Sie prüfte die Bleistiftnotiz auf der Rückseite und nickte.
»Das ist Mr. Lynes Handschrift. Ich sagte Ihnen schon, daß ich als junges Mädchen in seinem Haus lebte. Ich habe sogar eine Zeitlang seinen Haushalt geführt. Aber das Zusammenleben mit ihm war wirklich nicht angenehm.«
»Warum?«
Sie zögerte.
»Er hatte zum Beispiel seit vierzig Jahren dieselben Kaufleute, bei denen er seine Waren bezog. Er wechselte sie nicht, und trotzdem hatte er dauernd mit ihnen Auseinandersetzungen wegen der Rechnungen.«
Sie nahm den Schlüssel in die Hand und betrachtete ihn.

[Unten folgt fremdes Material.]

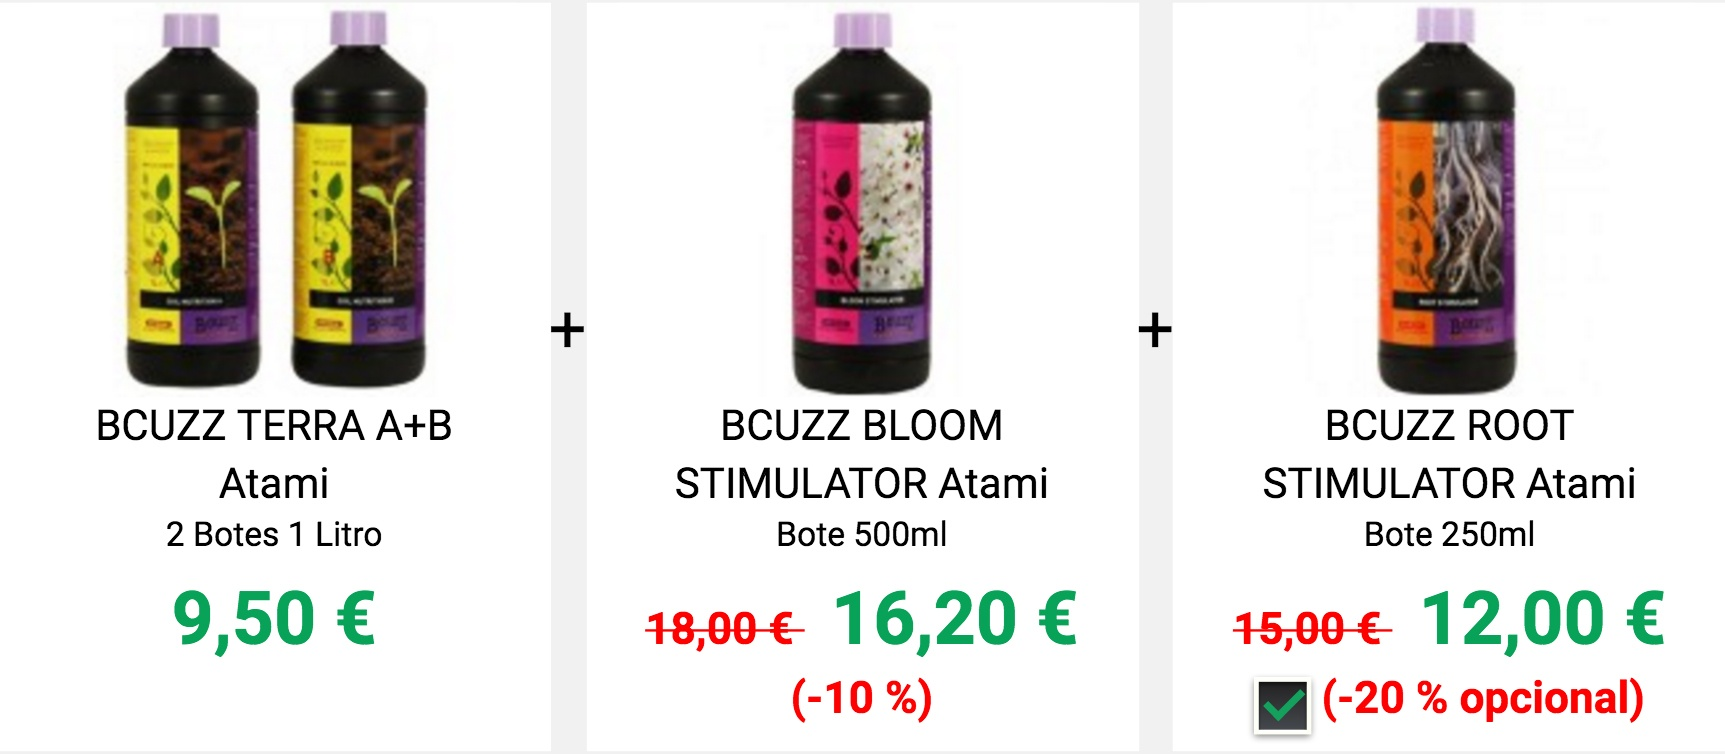 oferta-bcuzz-terra

»Halten Sie es für Selbstüberhebung, wenn ich Ihnen sage, daß ich meiner Meinung nach den Mörder von Mr. Lyne finden kann?«
»Ich würde es für sehr unklug halten, wenn Sie es auf eigene Faust versuchen wollten«, erklärte Smith offen. »Der Mörder ist ein Mensch, mit dem man nicht spaßen kann.«
»Das weiß ich wohl. Aber lassen Sie mir eine Woche Zeit für meine Nachforschungen.«
»Ist es nicht besser, Sie sagen mir jetzt gleich, wen Sie verdächtigen?«
»Nein, dann mache ich mich vielleicht lächerlich, und das möchte ich nicht.«
Smith biß sich auf die Unterlippe.
»Sie können die Sachen nicht behalten -«, begann er.
»Ich brauche sie auch nicht«, entgegnete sie schnell und entschlossen. »Sie meinen doch den Scheck und den Schlüssel? Wäre es aber zuviel verlangt, wenn ich Sie um ein Duplikat des Schlüssels bäte? Sobald ich das dazu passende Schlüsselloch finde, gebe ich Ihnen Bescheid.«
Er sah sie erstaunt an.
»Glauben Sie denn, Sie finden das Schloß?«
Sie nickte.
Surefoot seufzte:
»Solche romantischen Geschichten machen mich krank. Aber ich will Ihren Wunsch gern erfüllen.«
Zwei Tage später erhielt Mary Lane einen nagelneuen Schlüssel und begann ihre Nachforschungen. Sie ahnte nicht, daß sie auf Surefoots Anordnung hin Tag und Nacht von drei Detektiven bewacht wurde.
Am dritten Tag nach der Ermordung Mike Hennesseys stiegen plötzlich die Aktien von Cassari-Petroleum, die in den letzten fünf Jahren zwischen dreiundzwanzig und siebenundzwanzig Schilling geschwankt hatten. Der Nennwert betrug vierzig Pfund pro Aktie. Das Ölfeld lag in Kleinasien, und man hatte immer genug Petroleum gefunden, so daß die Gesellschaft nicht zusammenbrach; aber es war nicht genug, um den vollen Wert der Aktien zu garantieren.